So is Elite Ennobeld as good as the *Ennobeld* thing?


----------



## AlaskaBoers (May 7, 2008)

i believe its better, i think badnewsboers would know


----------



## Sunrise (Feb 8, 2008)

I think I will wright them. The gal I bought my goats from knows them too, so I will ask her as well. Thanks again!


----------



## alyssa_romine (Oct 5, 2007)

He comes from excellent lines!!!!


----------



## sweetgoats (Oct 18, 2007)

I know nothing about the Boer lines but I DO know a GREAT animals when I see them and I tell you those are some of the most beautiful boar bucks I have ever seen. They are massive.


----------



## Sunrise (Feb 8, 2008)

Thank you, he is really turning out to be a great first buck for me.

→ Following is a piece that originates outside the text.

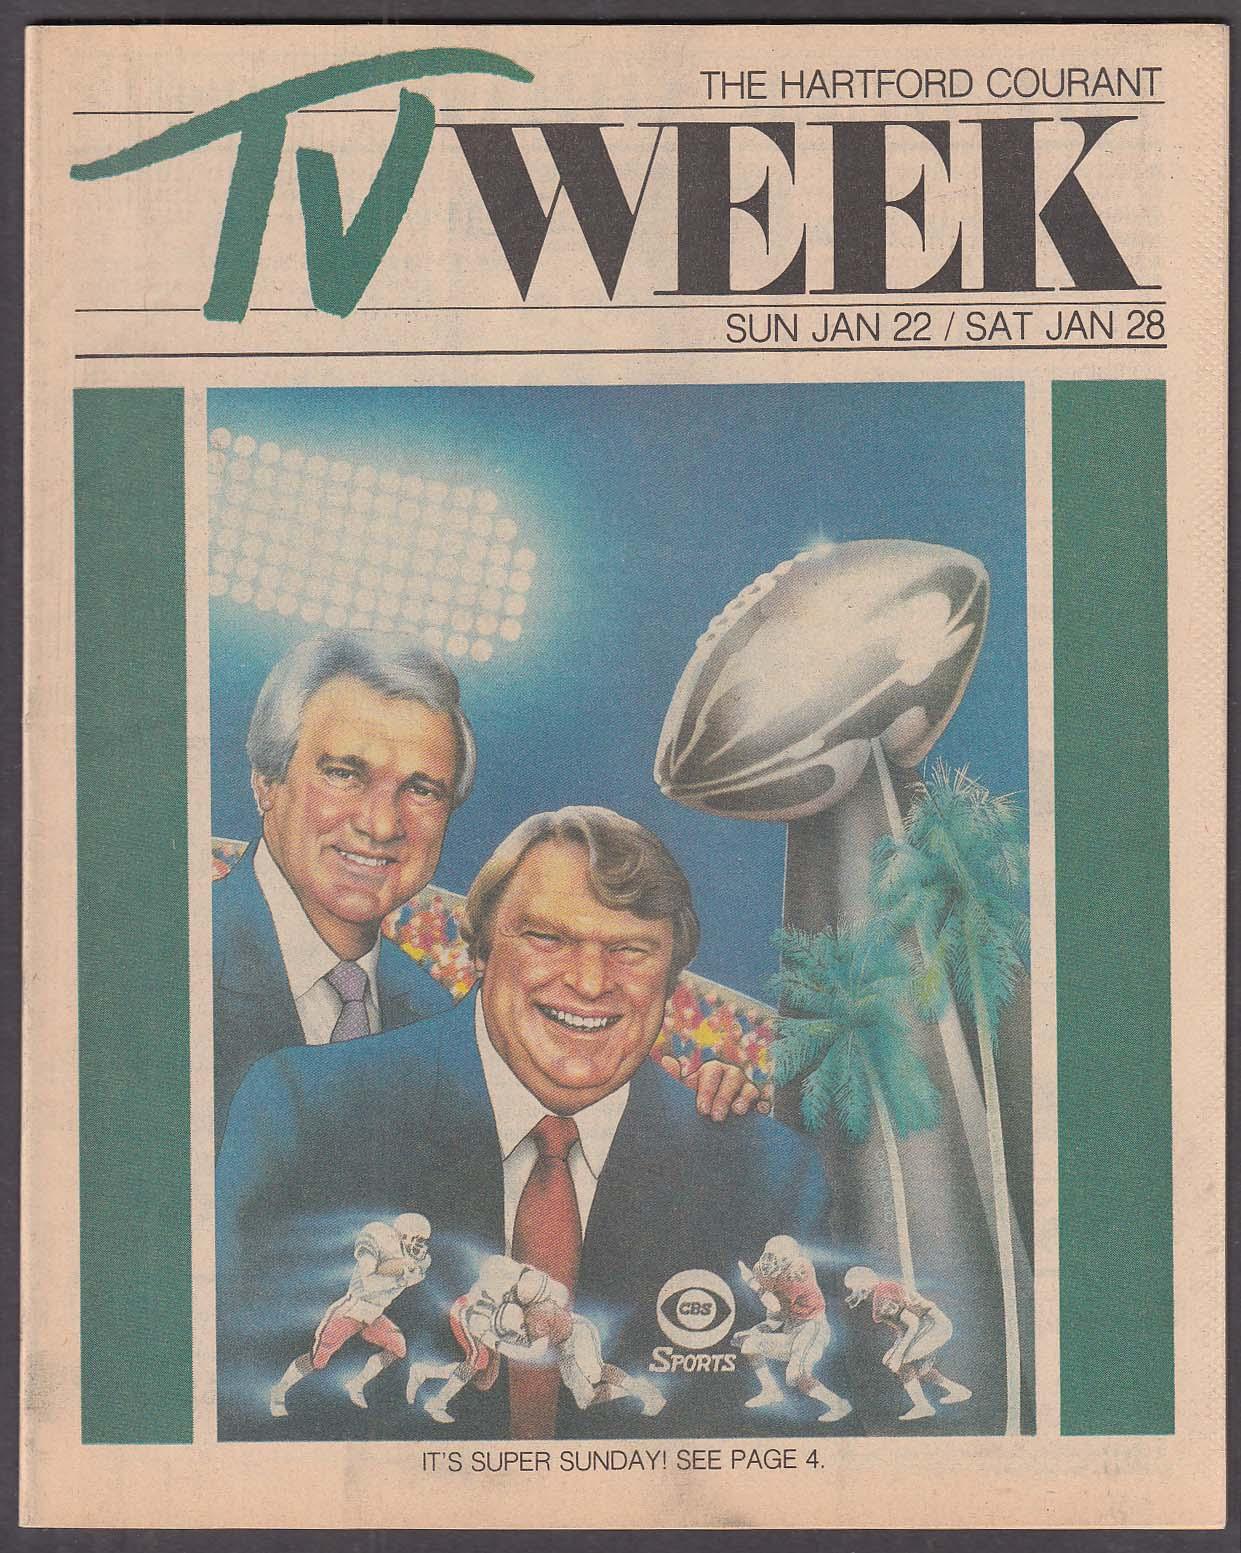 TV WEEK Summerall Madden Super Bowl Hartford Courant 1/22 1984

What I liked the most about him is his sire. Heres a link. Let me know what you think. He is Downen P115
http://www.caprioleboers.com/herdsirespresent.html


----------



## sweetgoats (Oct 18, 2007)

What can i say other then WOW!!!!! :dance:


----------



## StaceyRosado (Oct 5, 2007)

Dito What she said!!!!! :shocked:


----------



## AlaskaBoers (May 7, 2008)

very very VERY nice buck! -i'm jelous! :wink:


----------



## Sunrise (Feb 8, 2008)

The best part about it is P115 son's are about $1000.00 to $800.00 to buy one....I got mine for half that! And I love his dam.


----------